忙しくしているほうが気が紛れるかと侍女のお勉強に戻るけど、心は途中でどこかへ飛んでいってしまう。気晴らしに廊下の鏡を磨きはじめれば、瞼を腫らし、顔のむくんだ糸目の女と目が合った。
――ひどいわ、これ……。
笑ってください、と言ってくれたクルスさんの言葉が脳裏をかすめる。笑顔を作ろうとすると、鏡の向こうの顔がいびつに歪んだ。
『――ひどい顔だな』
ふいに送心術が響き、あたしはふり返った。侍女のペタ靴に、上質な革の靴先がくっついている。柱の陰にいたそのひとが、長髪を揺らしてあたしを覗き込んだ。思わず日本語で返す。
「アル。そういうのは思ってても、口に出して言わないもんだよ」
『……帰るのか、おまえ』
単刀直入に訊かれ、〝ヤー(はい)〟とも〝ネイ(いいえ)〟とも答えられなかった。
「アル、あたしね……」
通じないことを承知で想いを吐き出そうとすれば、アルは緑の瞳を優しく細め、あたしの腫れぼったい目元を指で撫でた。
『引き止めて欲しそうな顔をしてる』
「……」
『いや、俺が引き止めたいだけかな』
せつなそうに言われると、どうしていいか分からない。

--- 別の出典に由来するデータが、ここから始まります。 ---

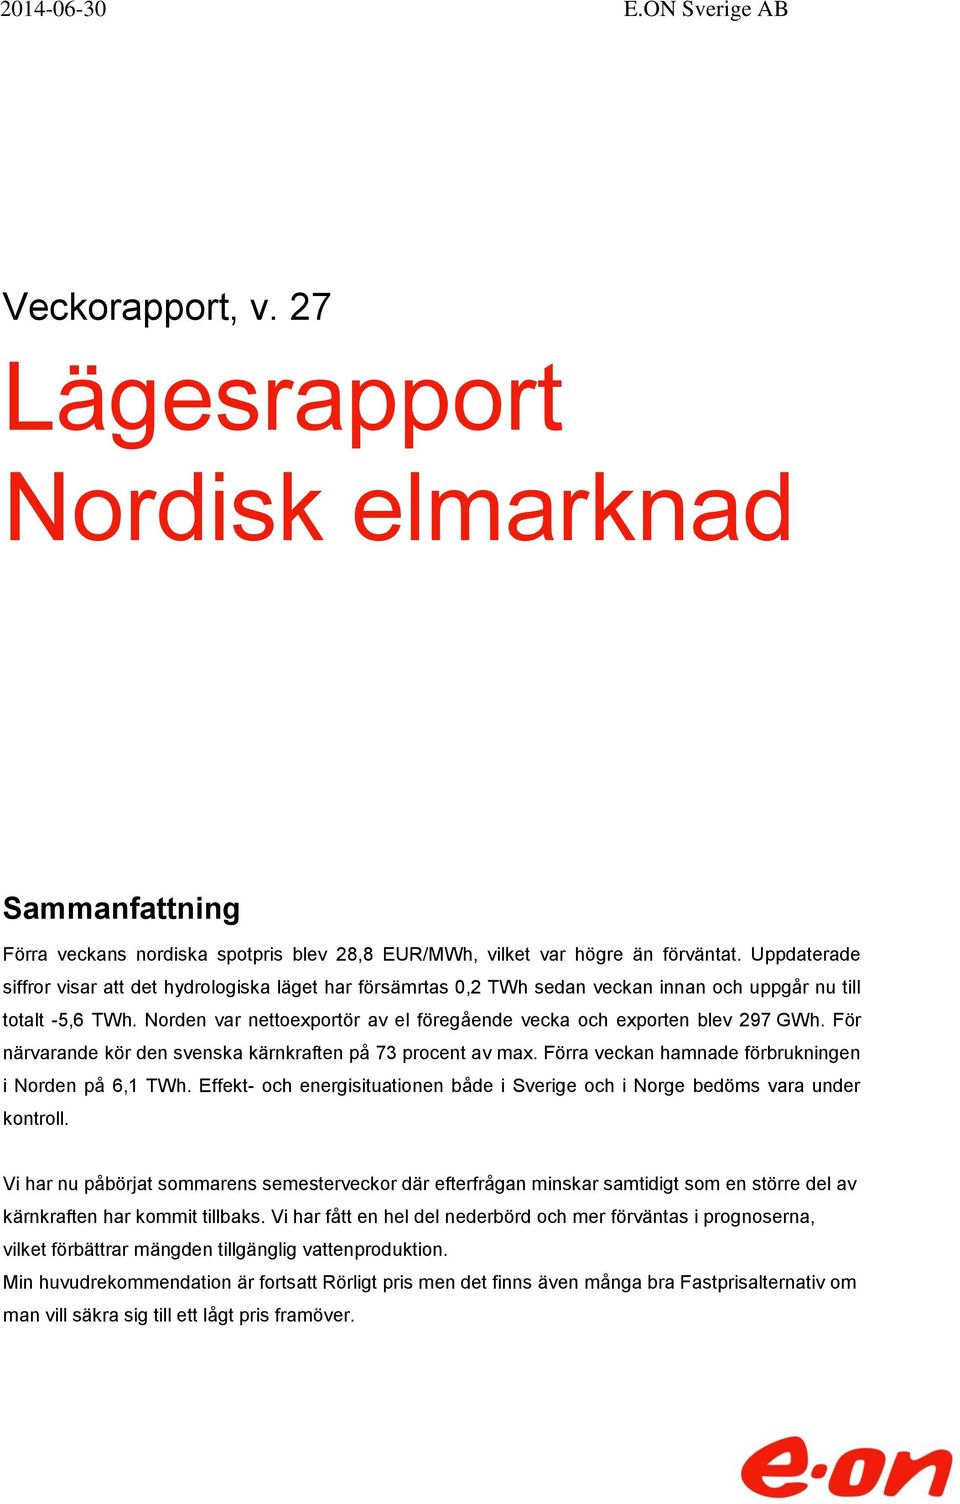 Norden var nettoexportör av el föregående vecka och exporten blev 297 GWh. För närvarande kör den svenska kärnkraften på 73 procent av max. Förra veckan hamnade förbrukningen i Norden på 6,1 TWh.

もっと言うなら、
――今の台詞をルイスが言ってくれたら。
反射的にそんな思いがよぎり、いたたまれなくなった。どこまでも身勝手すぎる、あたしは。
だけど、そう考えて少しだけ頭が冷えた。あたしはルイスに依存しすぎてる。
――ルイスに帰るなって言われたから決めるとか、そんなのあり……?
そうしたら、きっと将来あたしは帰ったときのことを理想化して、ルイスのせいだと後悔するんじゃないだろうか。そんなのはいやだ。
「――ボルヴォーレ リーディ(笑ってください)」
あたしはこの世界でいろんな人に助けられてきた。水門を開けたことなんて霞んじゃうくらいに、たくさんのものももらった。その人たちと向こうの世界にいる人たちとを天秤にかけるなんてできない。

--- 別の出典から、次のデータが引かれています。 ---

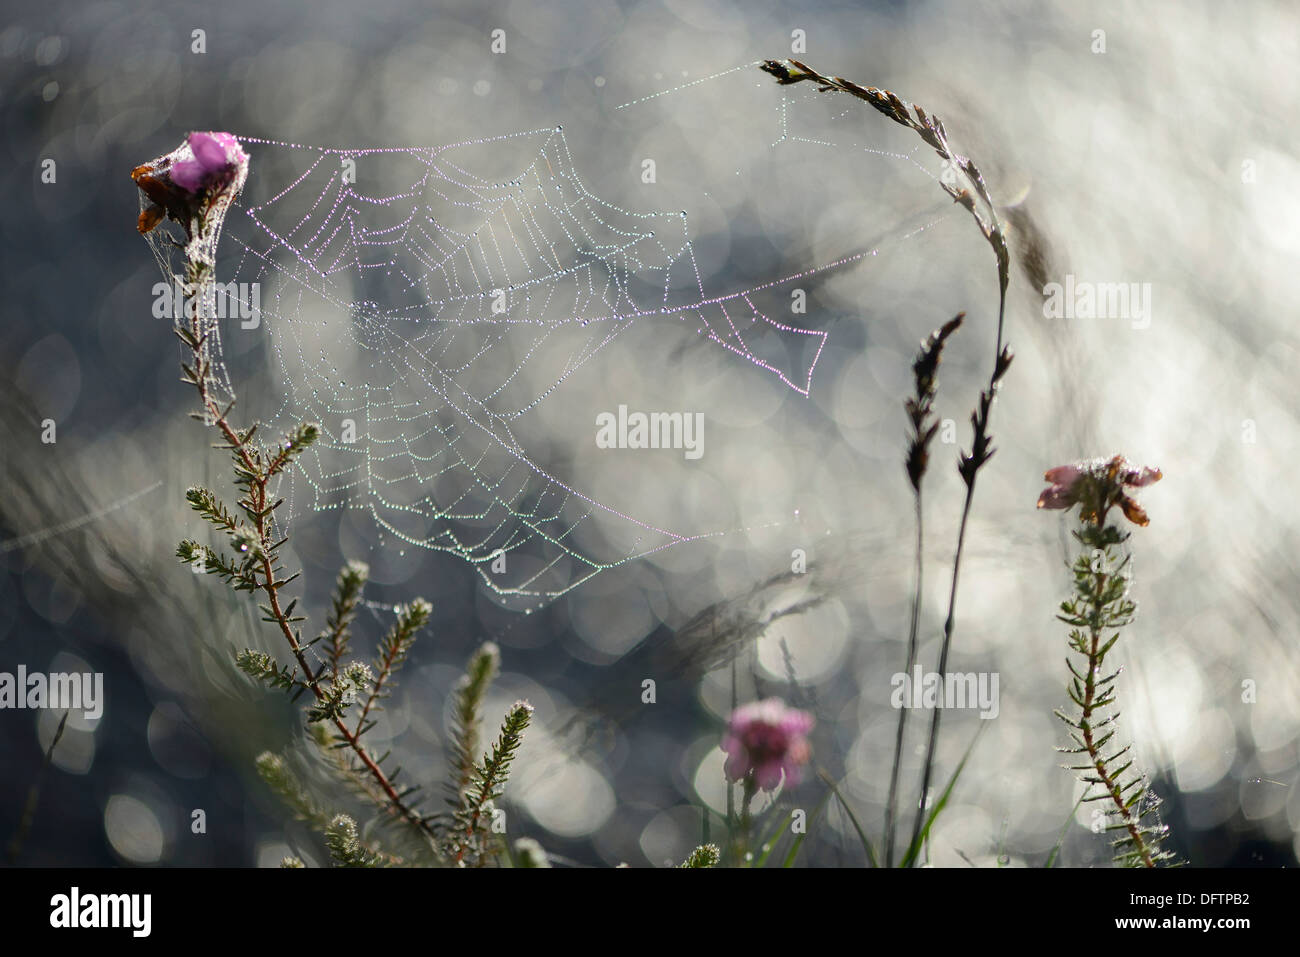 Spider's Web en contre-leaved heath (Erica tetralix), Theikenmeer Haren-landegge, réserve naturelle, de l'Ems, Basse-Saxe, Allemagne Banque D'Images

違う。最初から天秤に載せるものじゃないんだ。問題はあたしが――どんな未来を選びたいかということ。あたしが望む未来の理想図を、どちらのキャンパスの上で描きたいかということ、それだけだ。
『マキ、俺は――』
囁きくらいのアルの送心術が、頬に触れた指先から伝わる。
泣きそうな顔。感情は伝染するというから、あたしの気持ちがうつったのかもしれない。だけど、こんな悲しい顔をいつまでもさせたくはなかった。
――あたしが決めないと、みんなが悲しいまま、なんだよね。
「ダンカス、アル(ありがとう、アル)。ミ ファルン(わたし 平気)」
彼の頬を指先で摘む。
「リーディ(笑って)。ミ アモス……ヴィーア(わたし みんな、大好き)」
そう告げれば、アルは十五才の少年の顔で微笑んだ。それを見て、あたしも少しだけ笑った。